Below: Then sunrise itself from inside the inner sanctum of the ‘sun temple’, always a special moment.

‘In its presence within those silent circles one feels the great past all around. One can almost see and hear … until one tries to imagine precisely what sights and what sounds animated that place, what manner of men moved there, in that inconceivably remote past when it was new’ – Gerald Hawkins.

 

Sunrise at Stonehenge

Sunrise at Stonehenge

 

‘There can be no doubt that Stonehenge was an observatory; the impartial mathematics of probability and the celestial sphere are on my side’ – Gerald Hawkins.

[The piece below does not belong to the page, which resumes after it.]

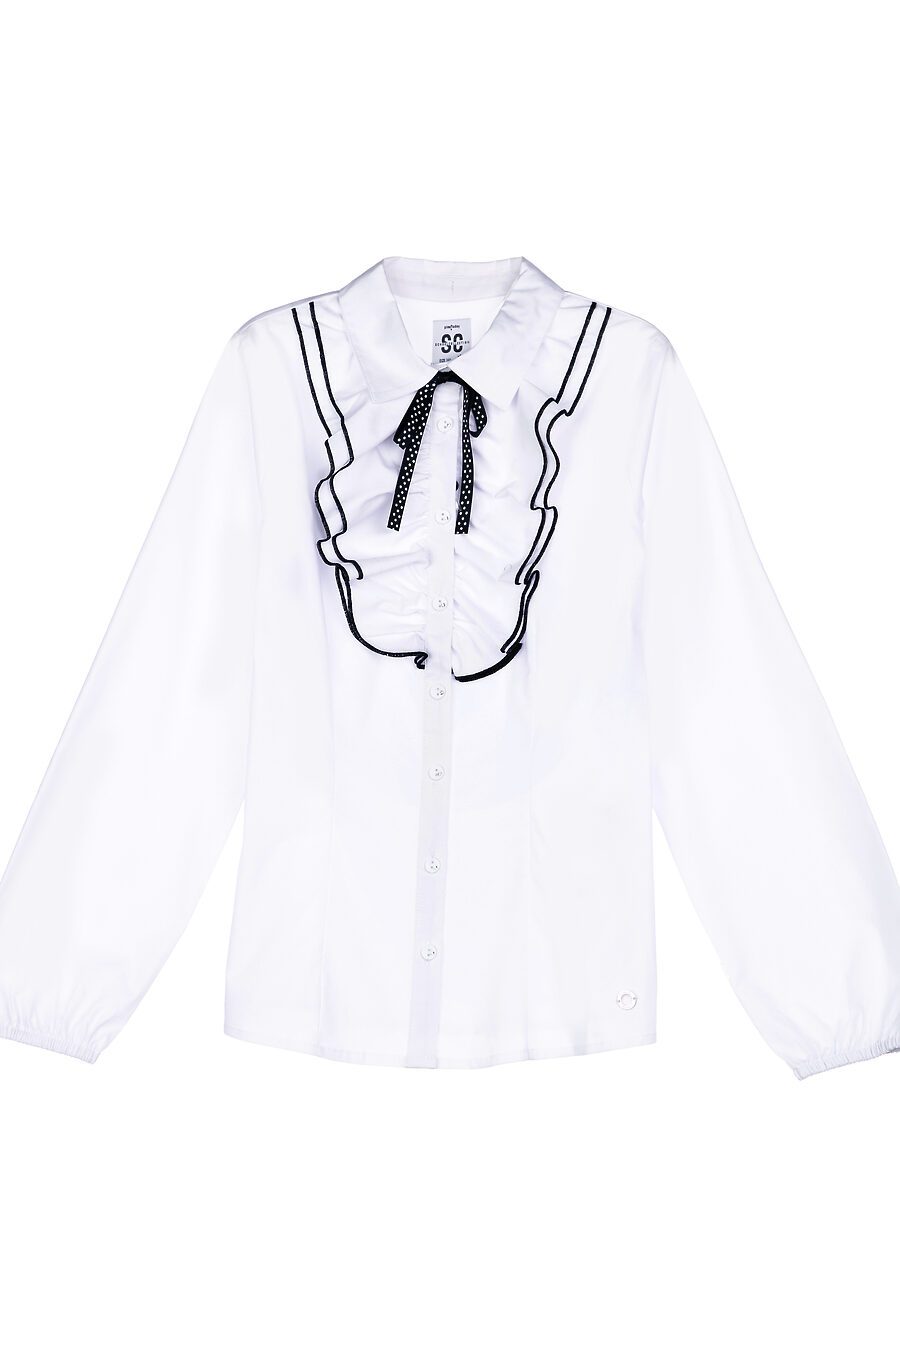 Блуза PLAYTODAY (785751), купить в Moyo.moda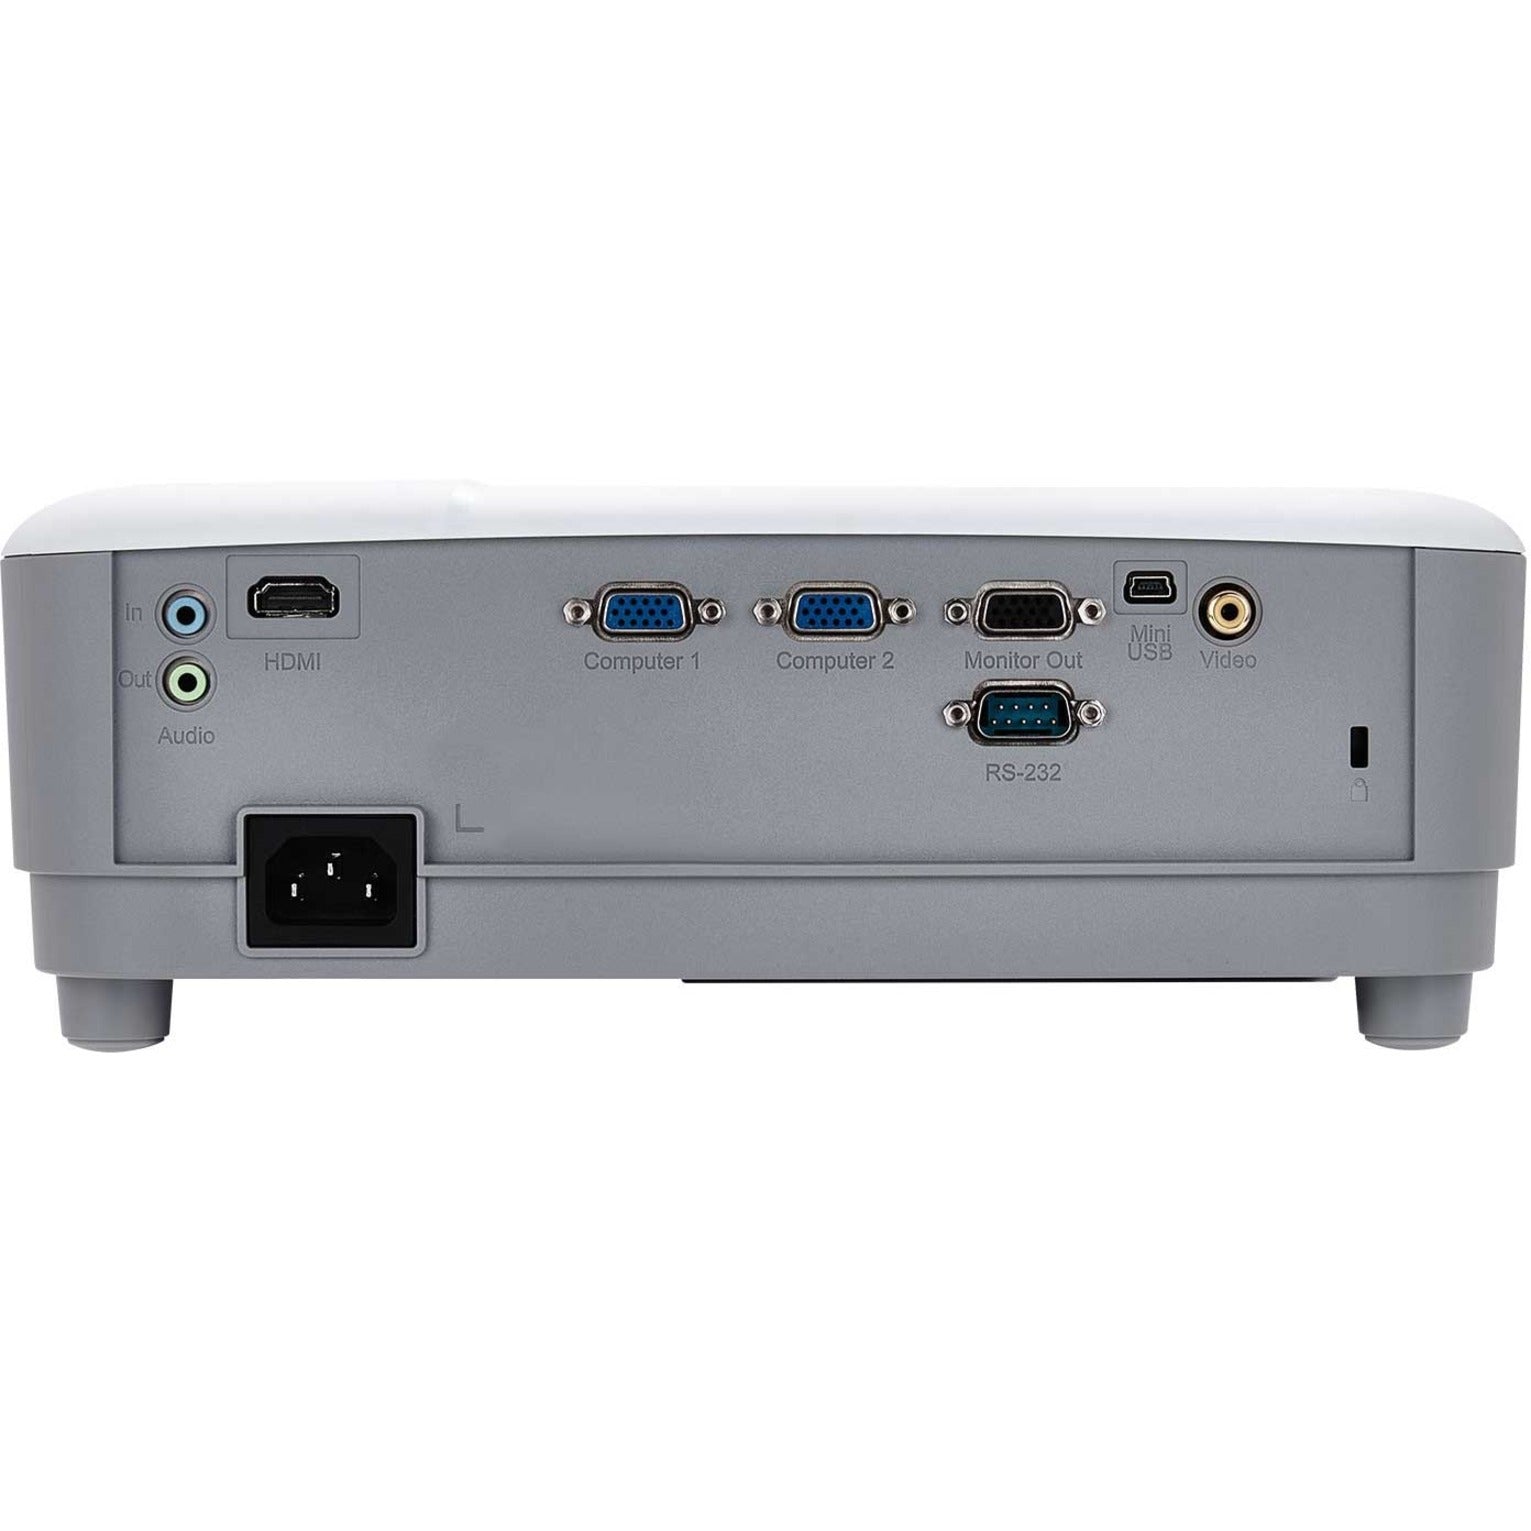 ViewSonic PA503W WXGA DLP Projector, 3600 Lumens, HDMI, VGA, USB, 3D Ready

From inside Stonehenge looking out, the stones seem even more immense and the feat achieved in their construction somehow even more incredible than from outside looking in.

 

Inside Stonehenge

Inside Stonehenge

‘The stones that compose it are really stupendous, their height, breadths and thickness are enormous, and to see so many of them plac’d together, in a nice and critical figure, with exactness; to consider, as it were, not a pillar of one stone, but a whole wall, a side, an end of a temple of one stone, to view them curiously, creates such a motion in the mind, which words can’t express.’ – William Stukeley, 1740.

 

Inside Stonehenge

Inside Stonehenge

‘For more than a thousand years, these hoary witnesses of antiquity have been examined, cross-examined and re-examined by enquirers eager to unravel the mysteries of their existence, but the response elicited has been little more than an echo of the preconceived speculations of their questioners.’ – L.G. Sebastian Evans, From Stonehenge to Avebury and Beyond, 1903.